The present invention relates to field of lithium ion battery, more particularly to a kind of binding agent for lithium ion battery.
Background technology
Lithium ion battery is to study one of most extensive, most deep energy storing device at present, because it is close with high power capacity Degree, the advantages that cycle life is high, environmentally protective, use temperature range is wide and security performance is high, it is widely used intelligent hand The fields such as machine, tablet computer, electric automobile.And the electrode piece performance of lithium ion battery is the key for determining performance of lithium ion battery One of factor, it is mainly made of electrode active material, conductive agent, binding agent and metal collector (copper foil or aluminium foil etc.);Its Middle binding agent is used to bond electrode active material and conductive agent particle, while bonds them on metal collector surface.Therefore The quality of binding agent mechanical property is closely related with the cycle life of battery, if mechanical property is bad, easily causes electrode slice The dusting in electrochemistry cyclic process, causes electrode material to come off from collection liquid surface, loses electrochemical energy storage performance.In addition, When the electrochemical stability of binding agent is bad, some functional groups of binding agent can be with lithium ion during electrode electro Chemical The irreversible chemical reaction of generation, so as to cause the reversible capacity of battery to decline.

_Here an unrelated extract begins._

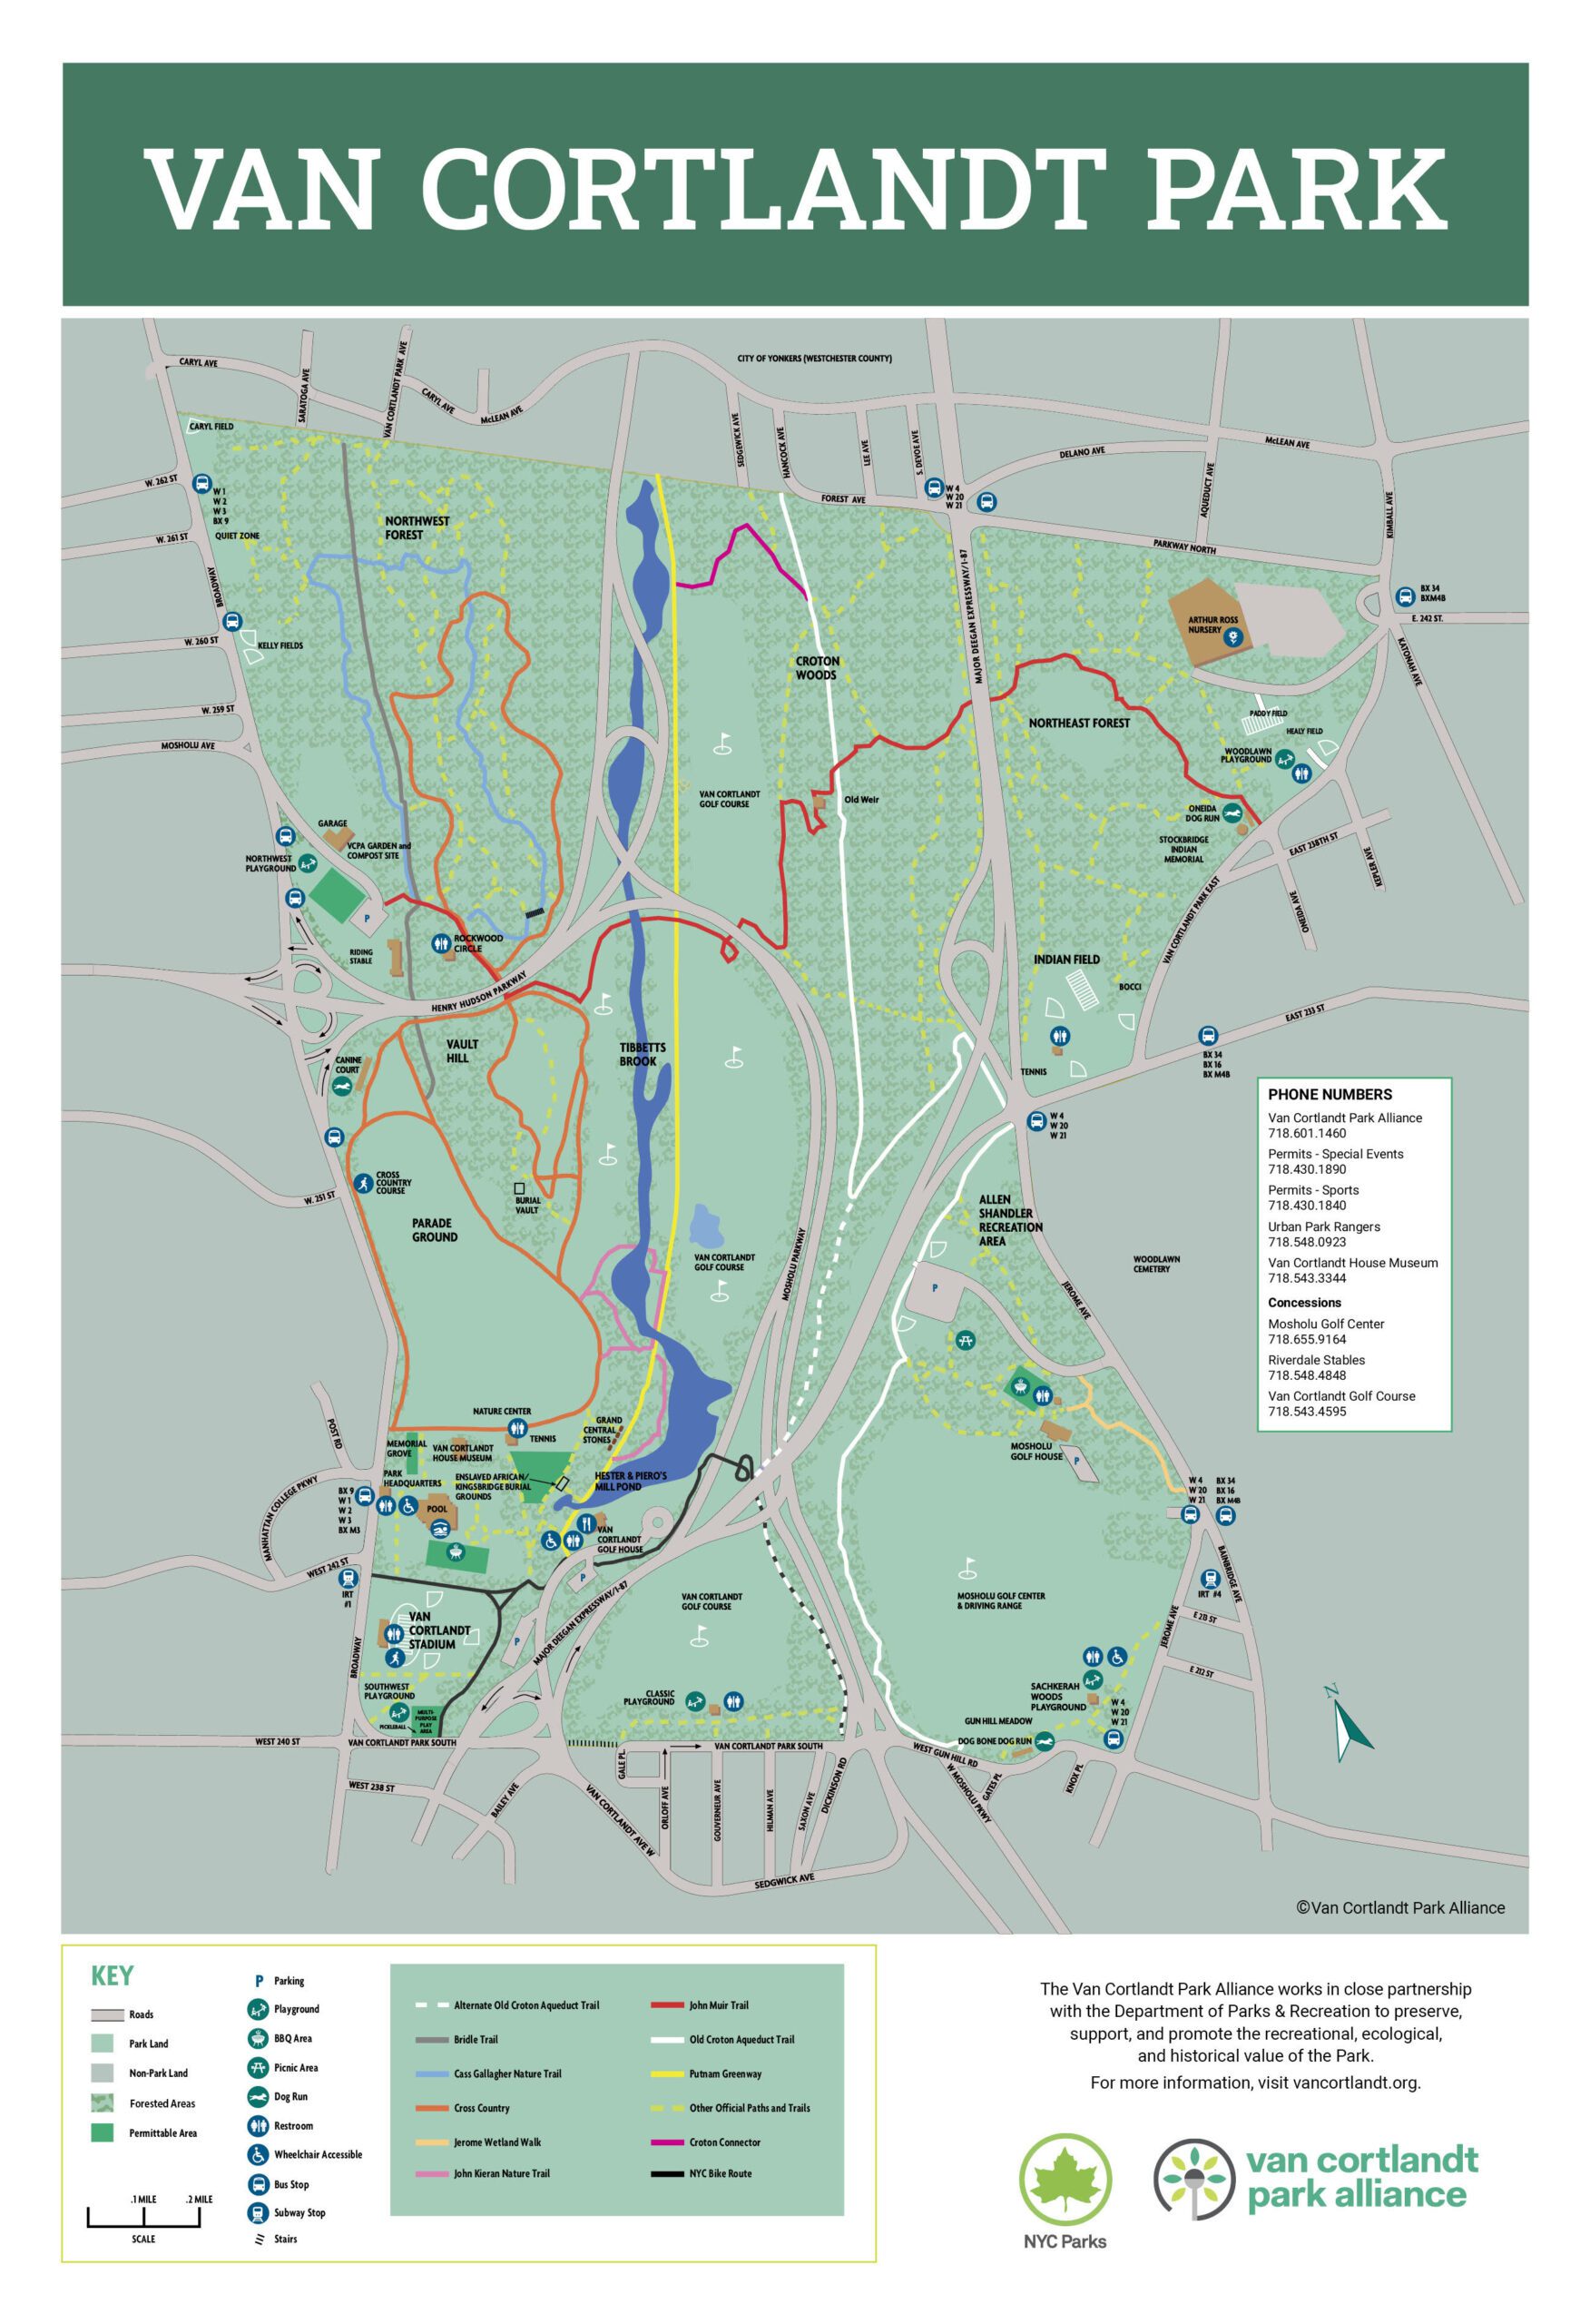 Van Cortlandt Park Trails: Hiking in the Bronx - offMetro NY

The most common binding agent of lithium ion battery mainly has Kynoar (PVDF), sodium carboxymethylcellulose at present (CMC) and butadiene-styrene rubber (SBR) etc..PVDF binding agents are a kind of binding agents more mature in technology, are had preferable Adhesive property, but preparing electrode slice using this binding agent needs to consume the 1-methyl-2-pyrrolidinone of substantial amounts of higher (NMP) organic solvent, of high cost, environmental pollution is big, and PVDF binding agents are easily swollen in some common electrolyte, are led Electrode stability is caused to decline.CMC and SBR binding agents are generally mated use, and this kind of binding agent is often using water as solvent, and cost is low, ring Border is friendly, is widely used, but such binding agent mechanical property is bad, and electric conductivity is poor.Especially, followed for some in discharge and recharge There are the high-capacity electrode material (such as silicon, stannic oxide anode etc.) of notable volume change, these common bondings during ring Agent can not meet to be actually needed.Therefore find the novel binders that a kind of mechanical property is good, stability is good be lifting lithium from One highly effective means of sub- battery performance, while can meet needs of the people to high-capacity lithium ion cell again.

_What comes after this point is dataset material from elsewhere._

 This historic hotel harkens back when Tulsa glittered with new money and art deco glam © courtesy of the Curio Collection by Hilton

Found by searching document,《German applied chemistry》One for " a kind of high crosslinked polymer binder is used for High performance lithium ion battery silicium cathode " (A Highly Cross-Linked Polymeric Binder for High- Performance Silicon Negative Electrodes in Lithium Ion Batteries, Angew.Chem.Int.Ed.2012,51,8762-8767 a kind of silicon of polyacrylic acid crosslinked carboxymethyl cellulose) is reported to bear The binding agent of pole, this binding agent are to crosslink reaction by the hydroxyl in acrylic acid and carboxymethyl cellulose to form a kind of tool There is the copolymer of three-D space structure.But with the lithium ion battery of this binding agent preparation after 100 charge and discharge cycles, Battery capacity decay is more than 20%, and prepares this binding agent needs and complete cross-linking reaction under higher temperature (150 DEG C).Separately An outer Chinese patent (CN201110030628.2) discloses a kind of with metal ion or organic ammonium salt Crosslinked Polyelectrolyte Binding agent;One Chinese patent (CN201410587080.5) discloses a kind of polyacrylate with more alkenes cross-linking agents Class aqueous binders.The binding agent of this two classes cross-linking type is mixed again with electrode active material after the completion of cross-linking reaction, easily Electrode active material is caused to be mixed with binding agent uneven.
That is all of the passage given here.